A pregnant patient is at 32 weeks gestation and complains of shortness of breath, swelling of the hands, and increased weight gain. What is the nurse's priority action?
- A. Administer oxygen and prepare the patient for a cesarean section.
- B. Assess the patient's blood pressure and check for protein in the urine.
- C. Encourage the patient to rest and elevate the legs.
- D. Instruct the patient to drink plenty of fluids to reduce swelling.
Correct Answer: B
Rationale: The correct answer is B. At 32 weeks gestation, the patient's symptoms suggest possible preeclampsia, a serious condition characterized by high blood pressure and protein in the urine. Assessing blood pressure and checking for proteinuria are crucial for diagnosing and managing preeclampsia. Administering oxygen or preparing for a cesarean section is not the priority without proper assessment. Encouraging rest and elevation of legs may help with swelling, but addressing the potential preeclampsia is more urgent. Instructing the patient to drink fluids is not the priority as it does not address the underlying issue of preeclampsia.
A nurse is caring for a laboring person who is in the second stage of labor. What is the most appropriate nursing intervention during this stage?
- A. coach the person through controlled pushing
- B. assist with spontaneous pushing
- C. assist with deep breathing
- D. offer non-pharmacological pain relief
Correct Answer: B
Rationale: The correct answer is B because in the second stage of labor, it is appropriate to assist the laboring person with spontaneous pushing to facilitate the descent of the baby through the birth canal. Controlled pushing (choice A) may cause fatigue and unnecessary strain. Deep breathing (choice C) is more suitable for the first stage of labor. Non-pharmacological pain relief (choice D) can be helpful but is not the priority in the second stage when the focus should be on pushing effectively.
A woman in labor requests an epidural. What should the nurse assess before administering the epidural?
- A. Cervical dilation
- B. Maternal blood pressure
- C. Fetal heart rate
- D. Maternal temperature
Correct Answer: B
Rationale: The correct answer is B: Maternal blood pressure. Before administering an epidural, it is crucial to assess the maternal blood pressure to ensure it is within the normal range. Hypotension can occur as a common side effect of epidural anesthesia, which can lead to decreased placental perfusion and compromise fetal oxygenation. Assessing maternal blood pressure helps in preventing potential complications.
Incorrect choices:
A: Cervical dilation - Not directly related to the administration of an epidural.

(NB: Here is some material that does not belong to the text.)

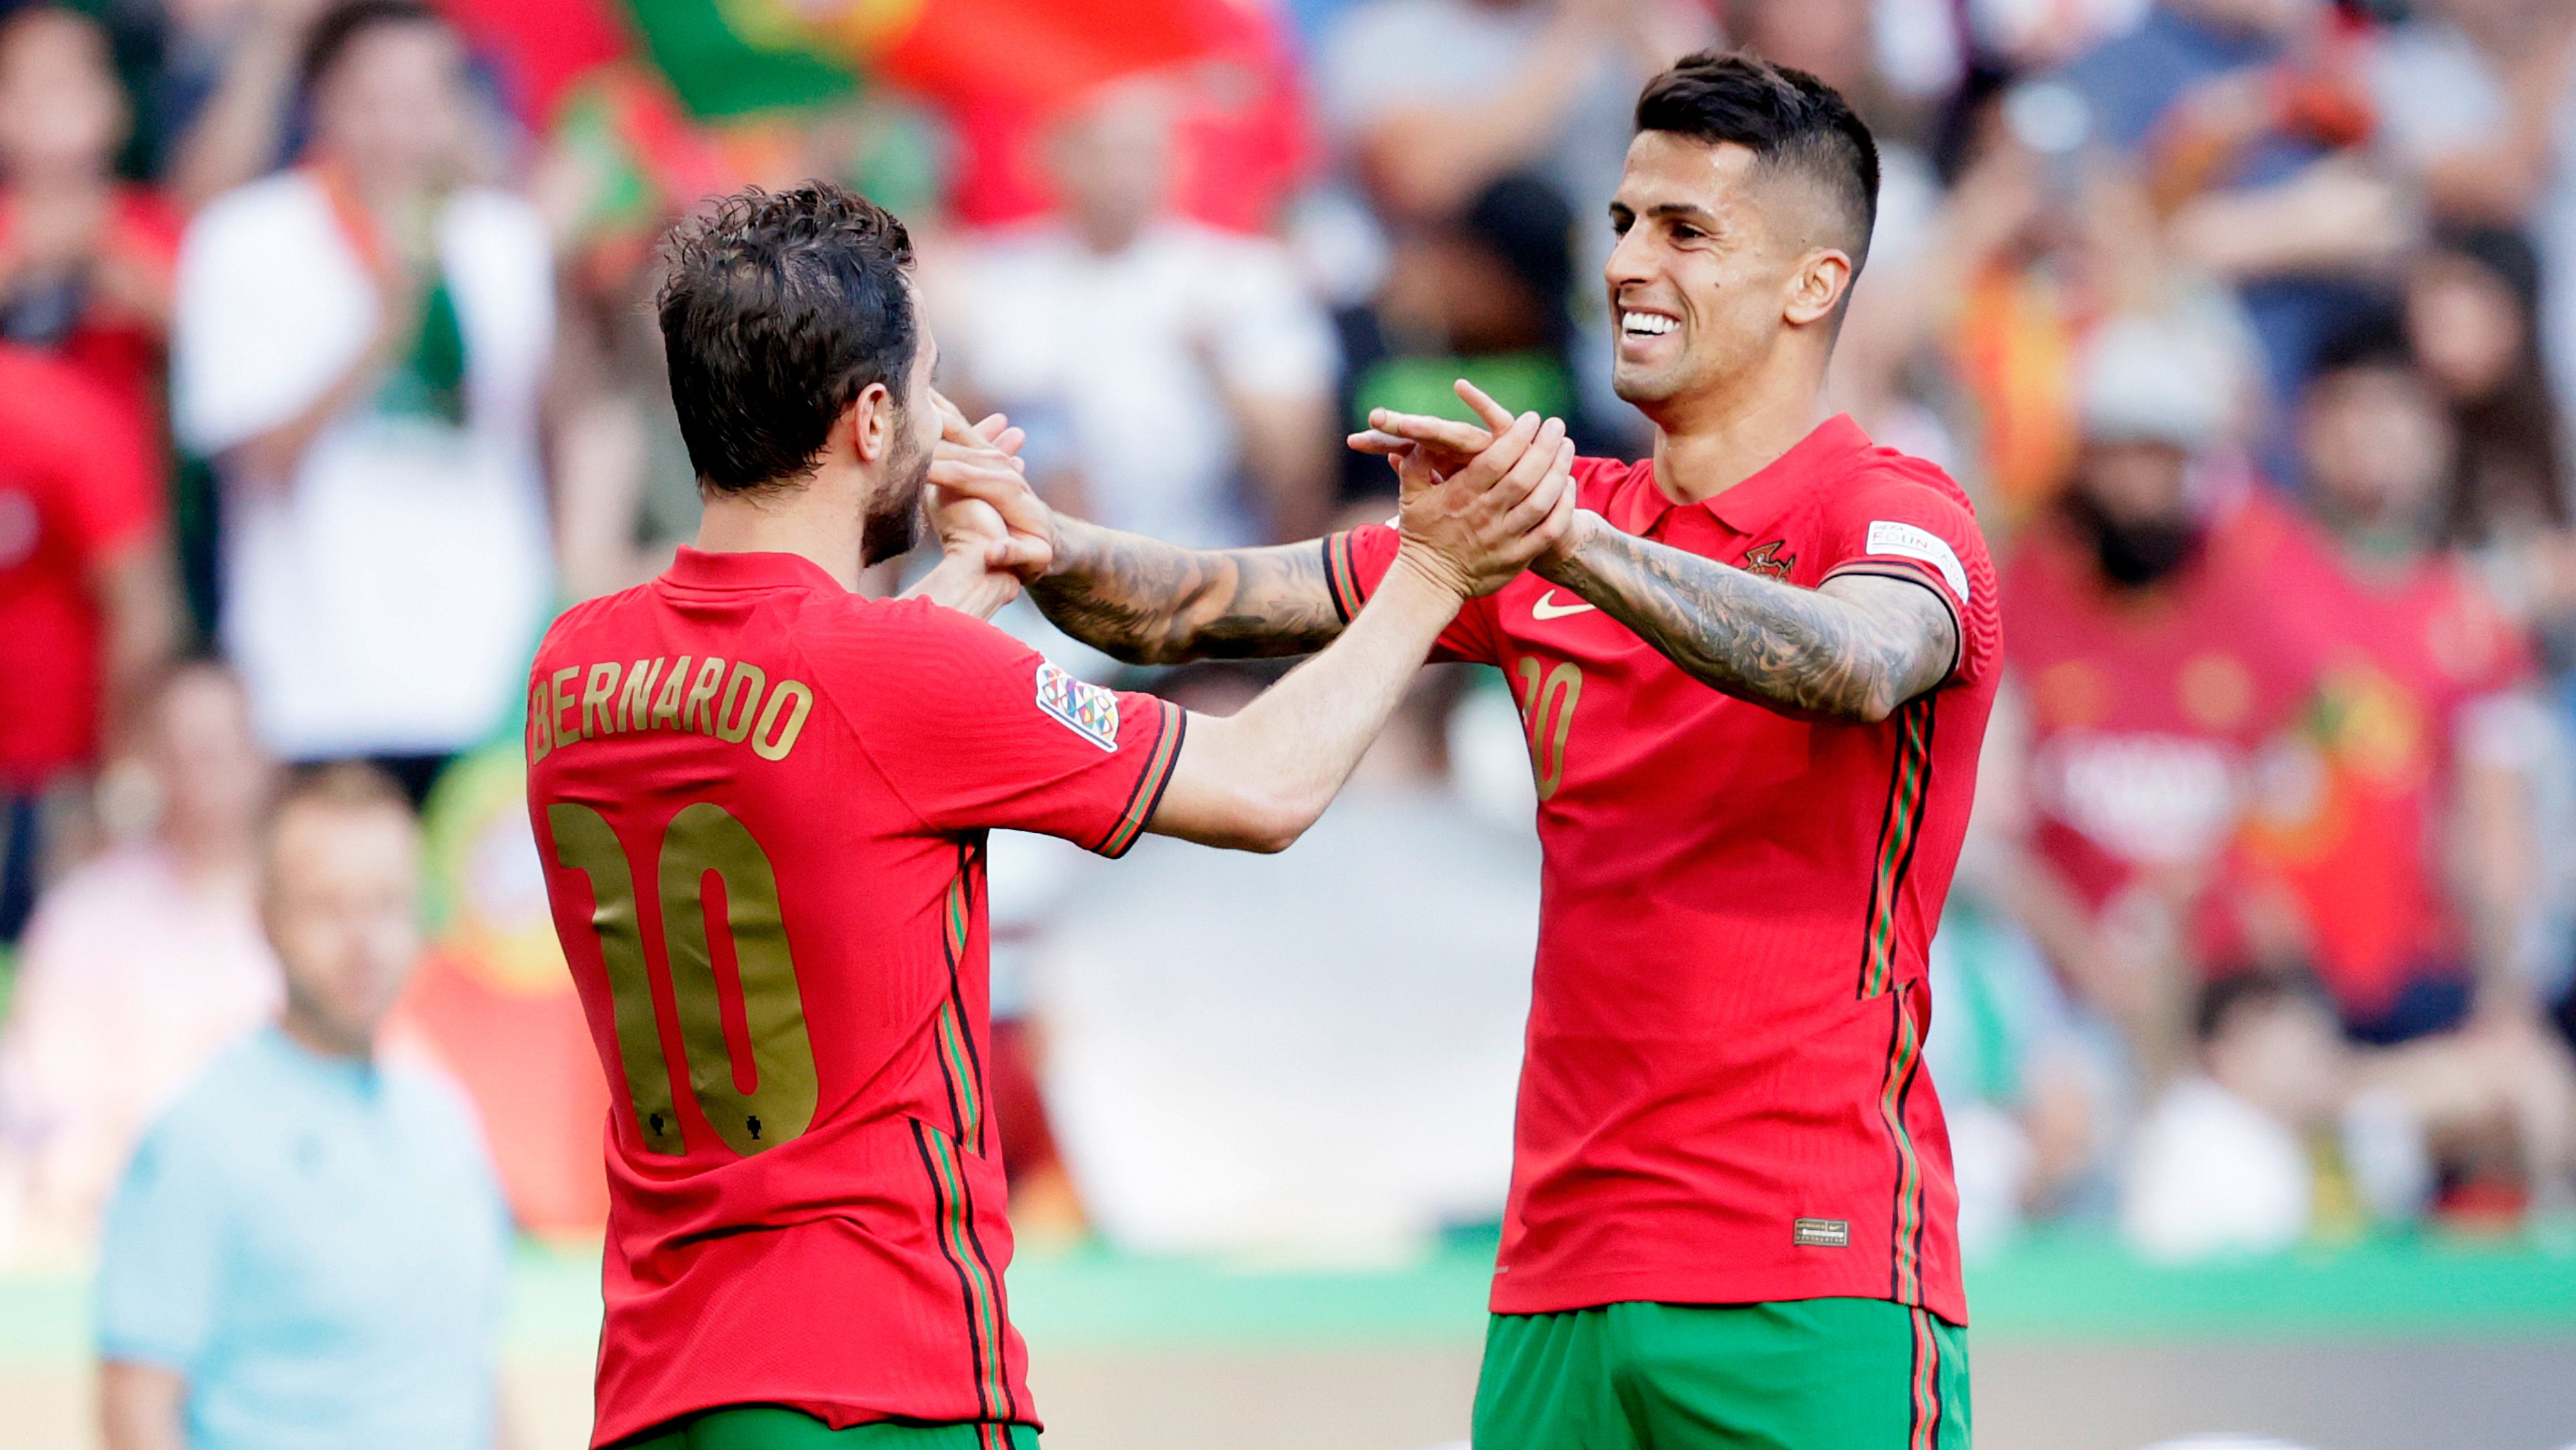 Portugal chega ao Euro 2024 com contas certas, Crónica de jogo

C: Fetal heart rate - Important but not the immediate assessment needed before administering an epidural.
D: Maternal temperature - While it is important in general assessment, it is not specifically required before giving an epidural.
A nurse is educating a pregnant patient at 32 weeks gestation about safe physical activity. Which of the following recommendations should the nurse prioritize?
- A. Perform strenuous exercise to strengthen muscles and improve endurance.
- B. Engage in moderate exercise, such as walking or swimming, to maintain health.
- C. Avoid all physical activity during pregnancy to reduce the risk of complications.
- D. Engage in high-impact exercises to strengthen bones and joints.
Correct Answer: B
Rationale: The correct answer is B because engaging in moderate exercise like walking or swimming is recommended for pregnant patients at 32 weeks gestation. This type of activity helps maintain health without putting excessive strain on the body. Strenuous exercises (Choice A) may increase the risk of injury or complications during pregnancy. Avoiding all physical activity (Choice C) can lead to decreased muscle tone and potential complications. High-impact exercises (Choice D) can be too harsh on the joints and bones during pregnancy. Therefore, moderate exercise is the safest and most beneficial option for pregnant patients at this stage.